I have 6 mini-cassettes (1.5 hours each) full of footage all through out my modeling career.

I got no tripod, so all the images are a little shakey.

"Being misunderstood is the fate of all true geniuses"

EXPERIMENTATION TO BRING INNOVATION

http://community.webshots.com/album/288541251nntnEK?start=588

  • Member since
    April 2003
  • 305,205 posts
Posted by Anonymous on Thursday, May 12, 2005 8:16 PM
Some of the images in my photobucket are "lifted" from my digital camcorder.

I just finished fitting firewire to my computer so that I can now record Hi 8 or digital 8 tapes to the hard drive with a better screen resolution.

I have also found several video hosting services so that people on the net can watch them at the moment I dont have any yet on line.

I enjoy camcording trainshows, I simply sweep thru the layouts onto the camcorder and then go over them in the quiet of my home slowly.

I use a Sony DCR TRV 460. I have a walmart tripod now to hold it steady, this is quite important.
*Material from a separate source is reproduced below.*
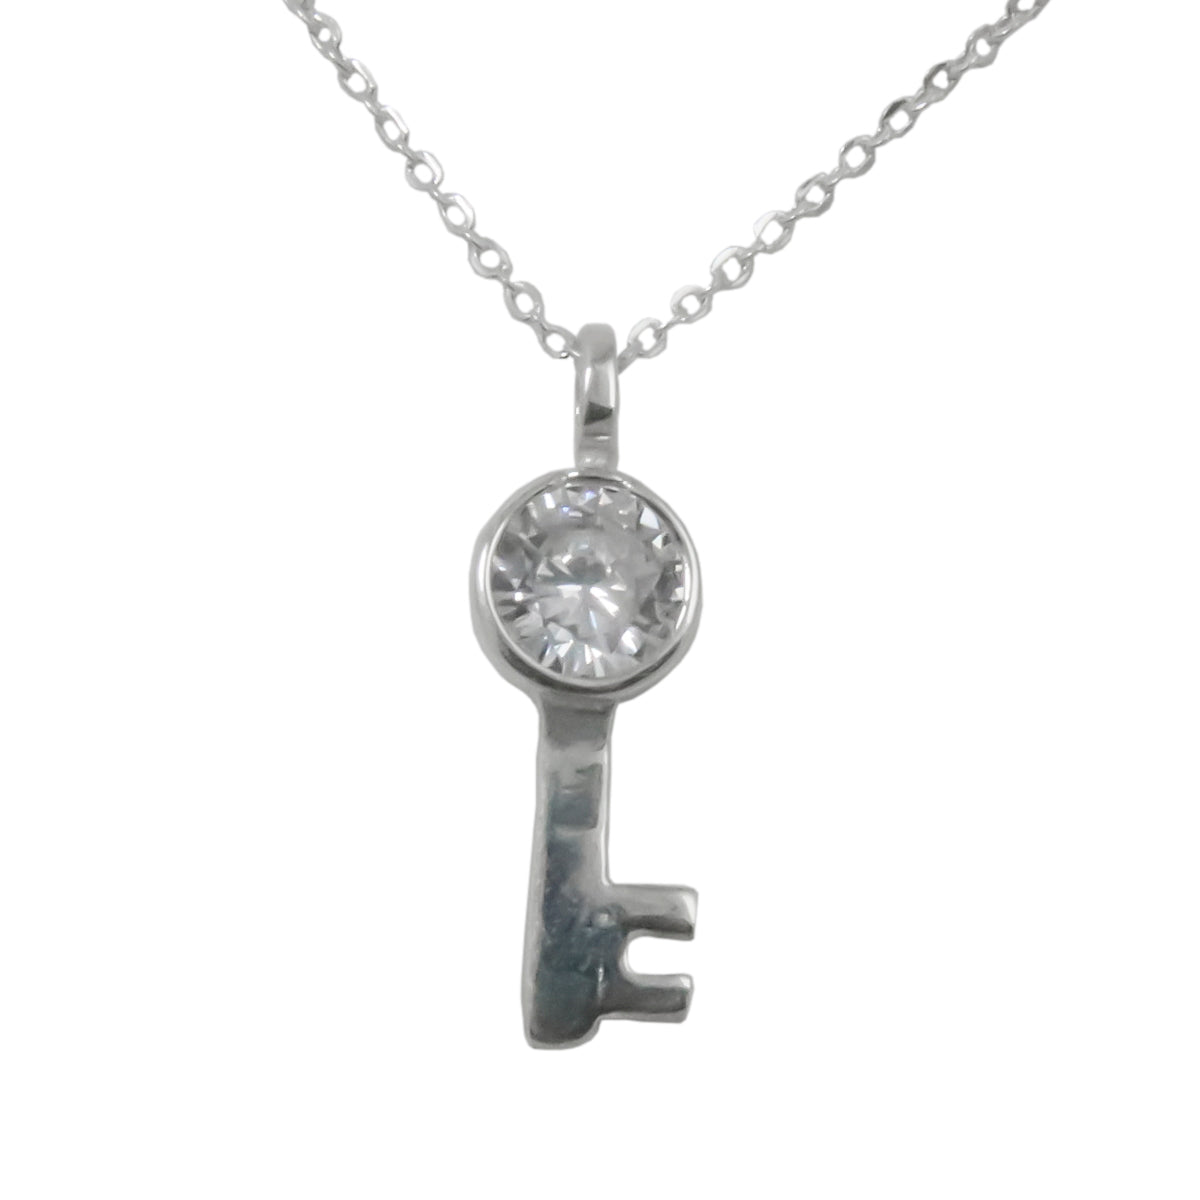 Sterling Silver Heart and Key Treasure Necklace

Part of the camera has night shots in IR availible and memory stick of about 1.5 hours on a 512 meg of capacity. I can run one hour digital tape or stream it hot to a computer.

Battery is good for over 8 hours on a charge and am planning a small flood light for both day and night use. It was not cheap at all. I think half of this years hobby budget went into the camera and the accessories.

Being free from the photo developers and able to do everything with Roxio 7 software on the home computer really is liberty from excessive fees that we used to pay in the old film days. The roxio is capable of "Lifting" one frame as a image or capturing either digital or tape images.

My next improvement will be a 200 gig external drive that will do nothing but store videos and I can easily carry it from computer to computer.

I use a PNY 1 GB memory stick "Attache" to carry videos (I hold close to 3 hours worth on it) and can communicate with Apple Computers using quicktime and also on windows machines running Windows Media Viewer. This is useful when you videotape a friends layout and dump the videos in the stick to take home or... free up the on-board memory sticks on the camcorder. I am slowly adding memory several times a year.

The entire expenditure is over a thousand dollars retail however thanks to Ebay and other local sales I was able to assemble everything to this level for about 600-

There are bigger and better cameras out there that take much better pictures. Call me a photo bug but I think the future is bright.